We have been building yet another softphone for you... or have we?

Read time 2 minutes

This article is mainly interesting to iOS developers and decision makers at your company.

At Automat Berlin GmbH, we strive to make a dent of our own in the communication industry. Through our past projects, we gained experience in using SIP and WebRTC stacks and built communication apps on top of them. Today we wanted to share our knowledge with the community, and we are proud to present our first open source iOS app.

//afone is a reference implementation for SIP/WebRTC based telephony on iOS. It can be used with different communication stacks with little effort. It comes with an easily extensible adapter concept that encapsulates all details of various providers. It is not a complete softphone implementation as it does not provide either an address book implementation or a recent phone call list. It also does not offer an “out of the box” working VoIP push notifications implementation but lays the ground for you to add it with minimal effort quickly.

We made //afone that way, so you do not have to struggle with most common issues and can concentrate on writing your adapter to the backend of your choice or a known CPaaS provider. We see two main use cases for the app. Firstly, you can use it to test your communication stack. Secondly, you can use it to base your own softphone implementation on it, where you do not have to have a full understanding of the SIP protocol. Therefore we have separated the UI part from the adapter part.

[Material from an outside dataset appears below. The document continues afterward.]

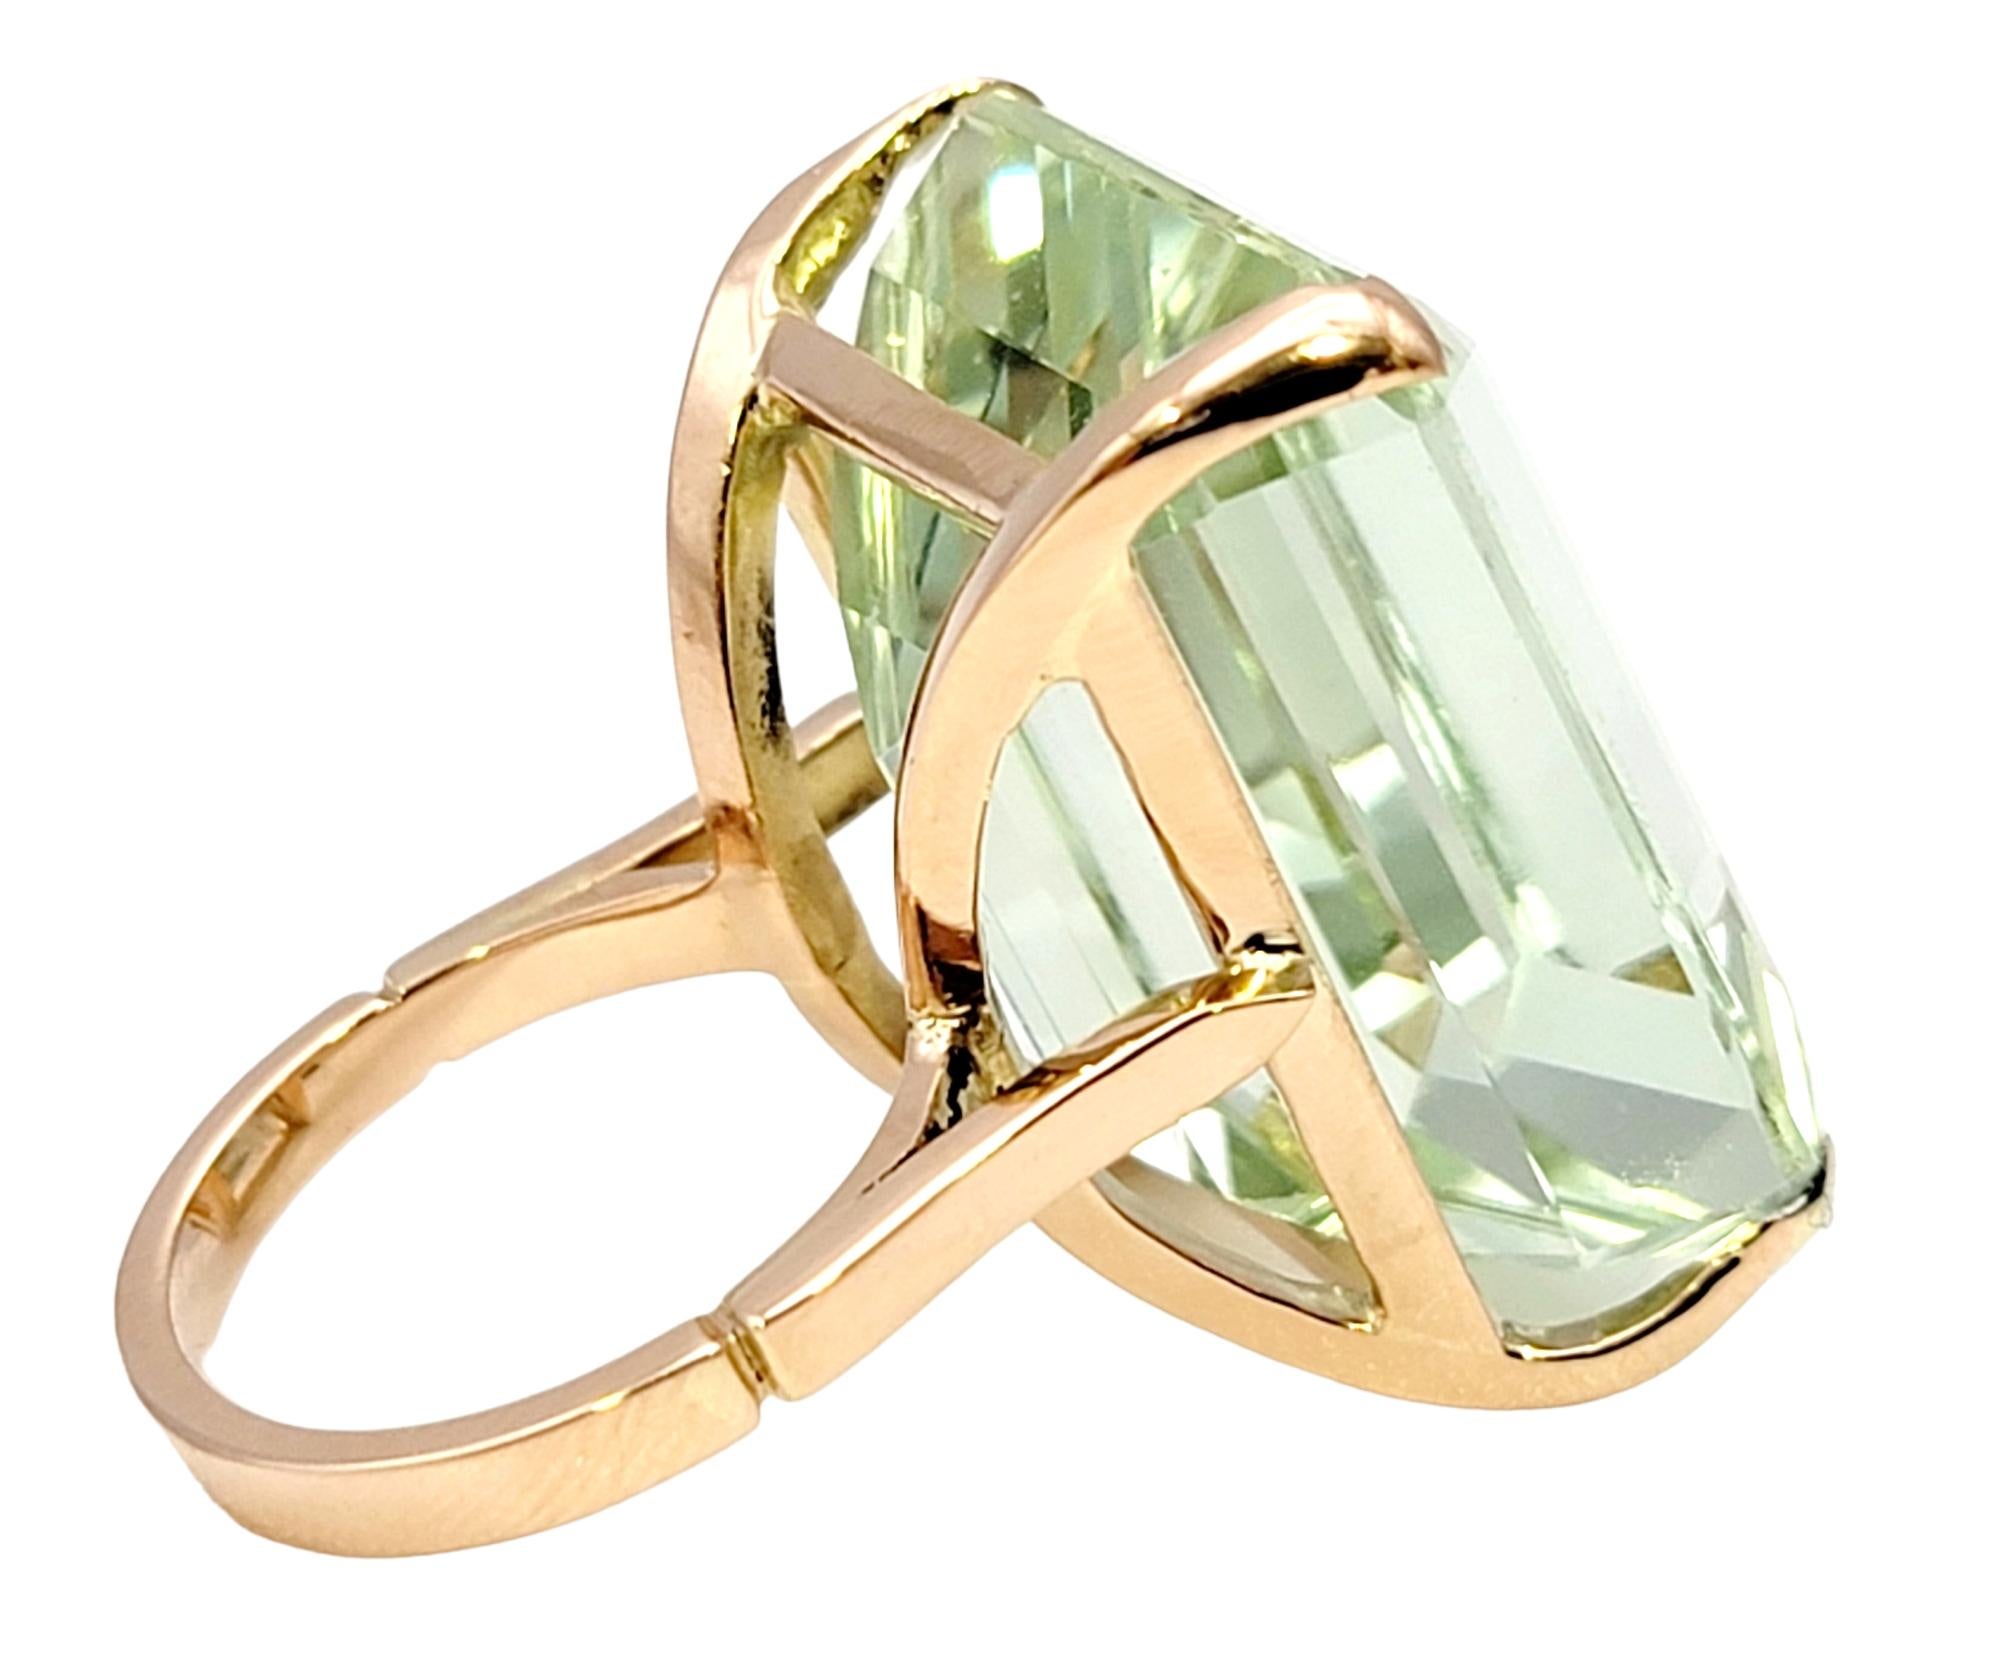 Huge 46.21 Carat Emerald Cut Unheated Aquamarine Ring in 14 Karat Rose Gold  For Sale 1

//afone is not intended as a product though. We did not want to make it a messenger or yet another softphone. Therefore messaging based on SIP/WebRTC or a custom CPaaS provider is not supported. We simply concentrated on the call experience and iOS integration. Our phone supports muting/unmuting, call hold/unhold, entering DTMF tones, video calls, and audio routing in both CallKit and the in-app call screen.

The architecture is simple and clear. We want you to focus on your adapter code, and on adding simple UI elements like a list of recent calls. Here is how it works:

//afone architecture

Sounds good? Give it a try yourself and let us know what you think. It is free, open, and available on GitHub. If you decide to write your own adapter to a CPaaS provider, please consider sharing it with the open source community.

//afone is provided under the MIT license, so you are free to use it in commercial projects or contribute to the FOSS initiative we host on GitHub.

//afone is available on the App Store.

In case you need support, do not hesitate to contact us!

Disclaimer: //afone requires you to have a fully functional SIP server and to add an iOS SIP library. For a full list of dependencies, please see our README on GitHub.